Summary of the Solution Framework
In a traditional ETL or data warehouse solution, the data ingestion into your data lake needs to happen from various source systems and then cleansed before they can be processed further by downstream applications. Additionally, in the current scenario, data migration from on-premises systems to the cloud is becoming more and more popular.

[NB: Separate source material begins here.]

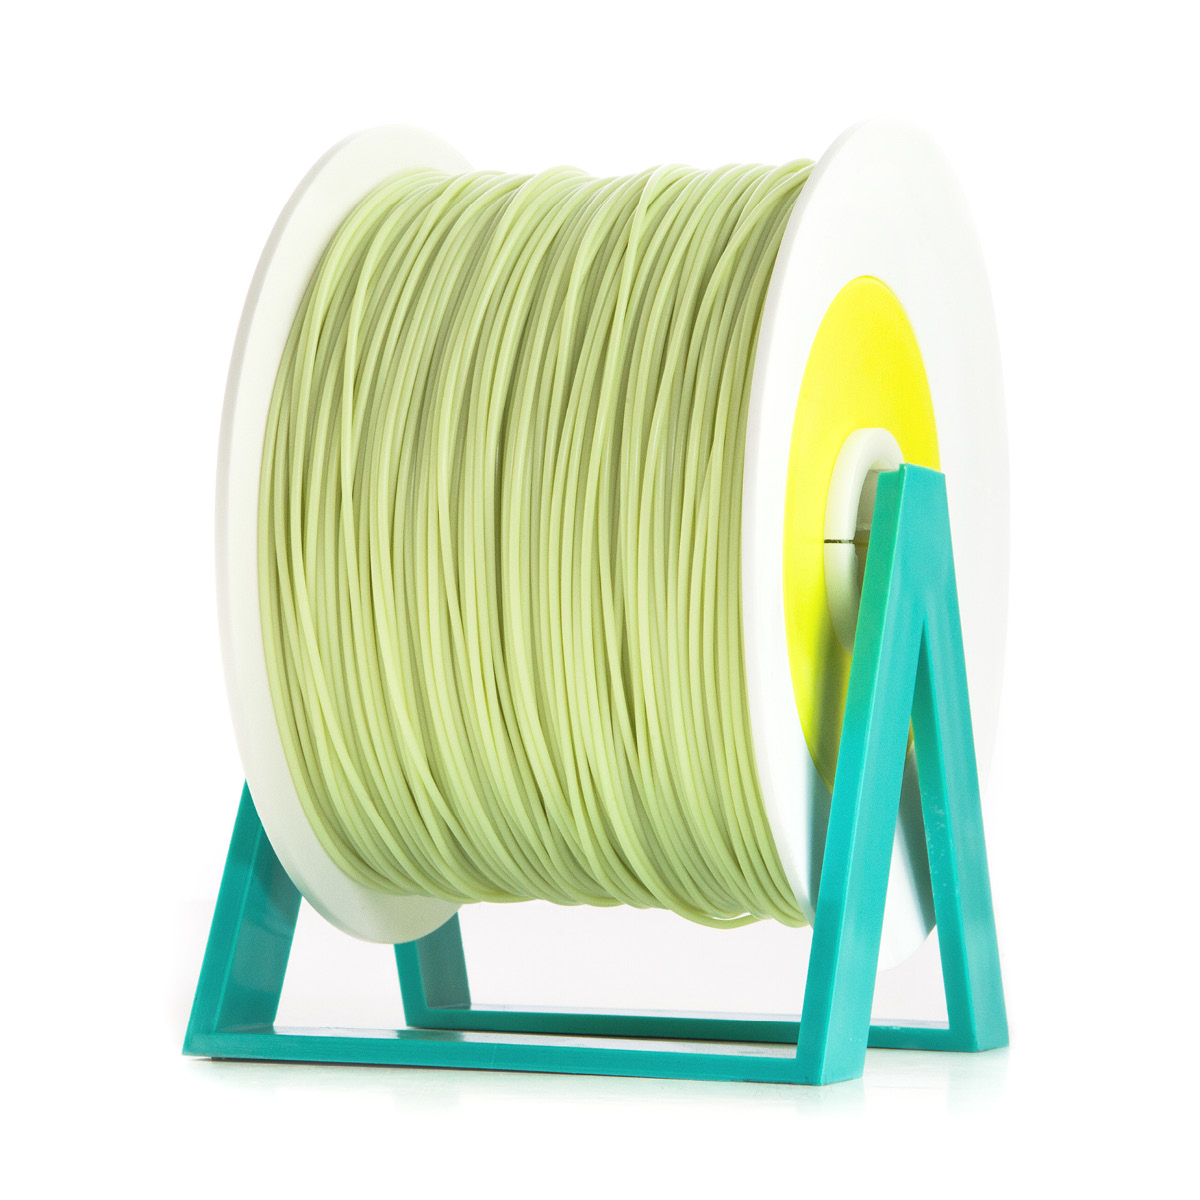 Eumakers 3d printer pla filament water green made in italy 1kg - 3d printer italia ...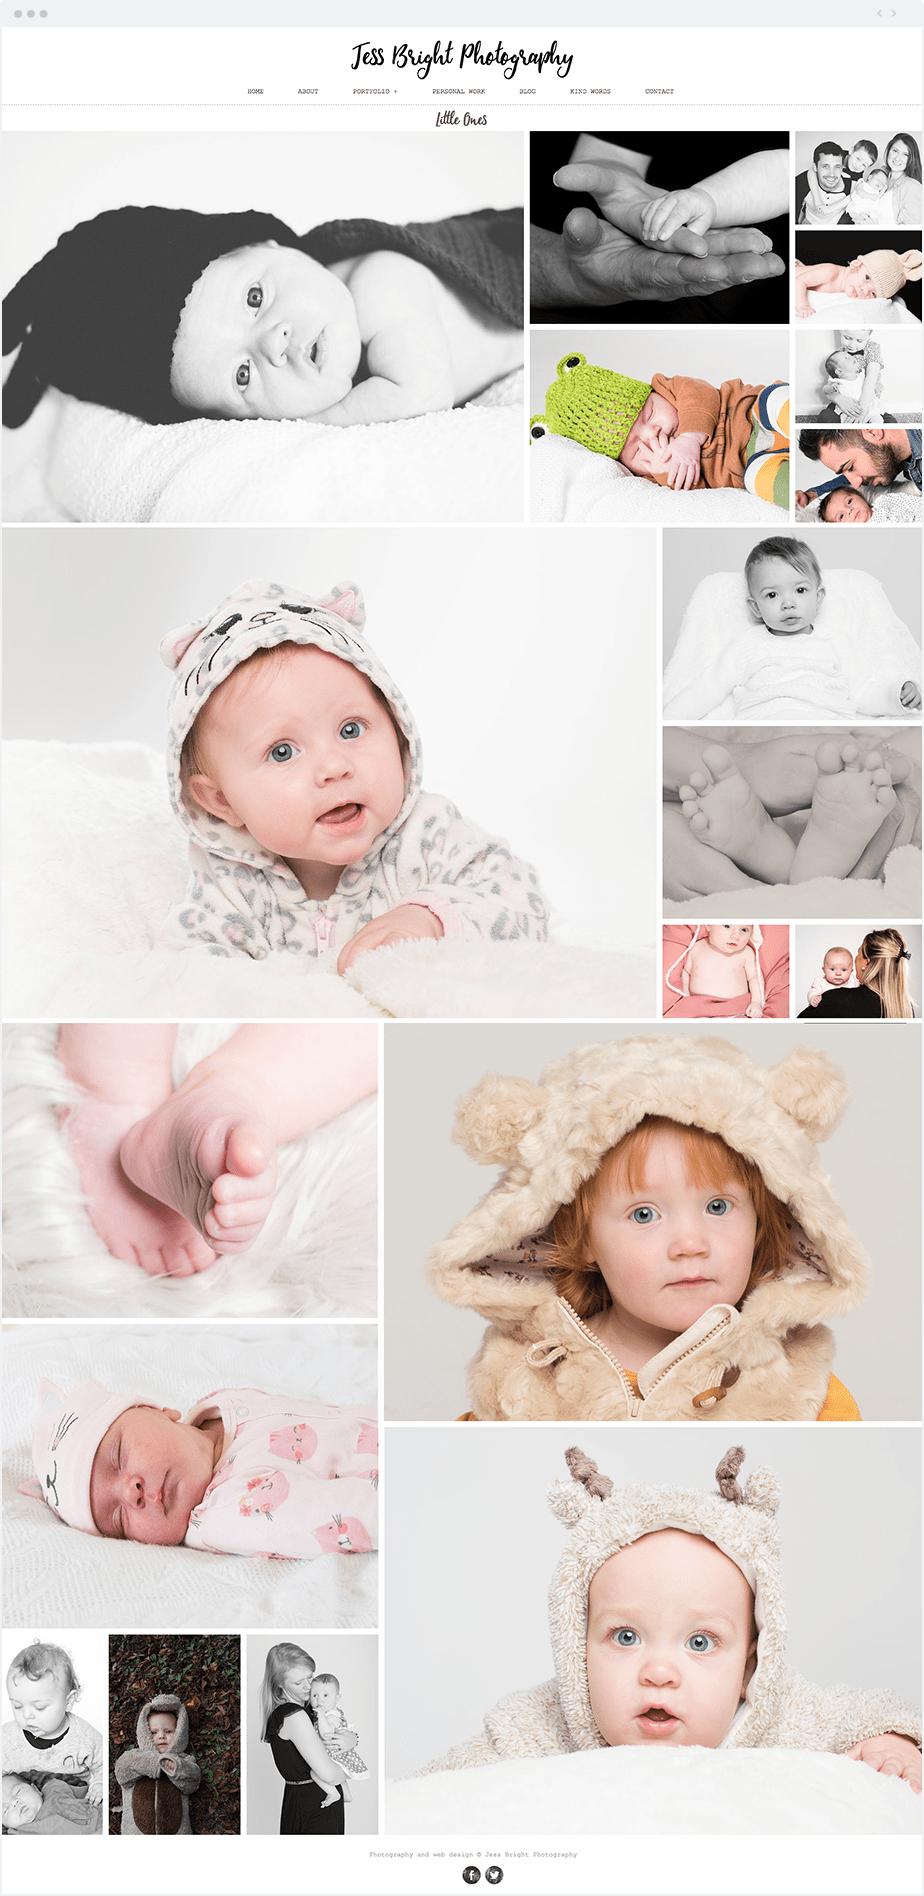 Beautiful Wix photography website by newborn and maternity photographer Jess Bright

The whole idea is to leverage the data warehouse solution with built-in Talend to ingest data from any structured and semi-structured data sources into any destination by adding some metadata information into a metadata file/table.
The talend-based accelerator provides a customized framework for data processing
Business Benefits
- This data ingestion framework helps in reducing the development and data migration costs as compared to traditional ETL methods and directly increase the performance of the IT team (ETL development and support)
- One-step recovery from the failover point with ETL job load statistics, easy to troubleshoot, and fix issues easier than the traditional approach
- Easy to maintain the configurable metadata because this approach requires a lower number of ETL jobs
- This accelerator supports schema evolution; any change in the schema of any existing feed does not have any impact on the solution framework thus reducing any need of any code change, leading to lesser effort required for data migration and change management
- Supports data ingestion as well as data cleansing with configurable rules in the data store or in the drools engine based on the rule complexity
- Job run statistics are captured for monitoring and auditing purposes and can be used to create dashboards for reporting and visualization purposes
- No dependency on the Talend SME to use this accelerator
Solution Framework Overview

Sample Metadata File Contents and Description
Here is how a metadata file looks like for ingesting a MySQL table into a Snowflake DB:
Field Name | Description | Sample Value | Optional |
Source DB | DB name of the source | mydb | |
Source Name | Source Table Name | employee | |
Source Type | Type of source to be ingested | MySQL | |
Target Type | Type of destination | Snowflake | |
Target DB | DB name of the target | Ingestion | |
Target Name | Target Table Name | employee_cleansed | |
Extract Query | Source Extraction Query | Y | |
Ingestion Flag | Should be set for the ingestion to happen | Y | |
Logs to Kafka Flag | Should be set if the audit logs are sent to a Kafka topic | N | |
Parm File | Contains source and target connection strings | C:/config/mysql_snowflake_ingestion_parm.txt | |
Delta Flag | Should be set for Incremental data extraction | N | |
Comparison Field | Should be set if Delta Flag is set to Y | last_update_dt|date|YYYYMMDD | Y |
Curate Flag | Should be set if data cleansing is to be done | Y | |
Curate Type | Should be set if curate flag is set Y | Basic | Y |
Rule File | A file holding the curate rules | C:/data/emp_data_schema_mysql.txt | Y |
Monitoring Dashboard

Conclusion:
This framework can be extended to ingest data from any structured data source system (RDBMS like Oracle, MySQL etc. , Local File, FTP server pulls etc.) and store data to any destination (AWS S3, Azure ADLS, RDS etc.). The cleansing rules can be created on a more advanced rule engines - drools for writing any rule as per the requirement. The ABaC tables data can be used to create dashboards in any BI tool such as Power BI, Tableau etc. to understand and monitor various KPIs of a batch run daily. The objective of the above write-up is to help create an ingestion and cleansing framework in Talend so that the same can be leveraged to on-board any source system feed with minimal/no development changes reducing the overall TTM.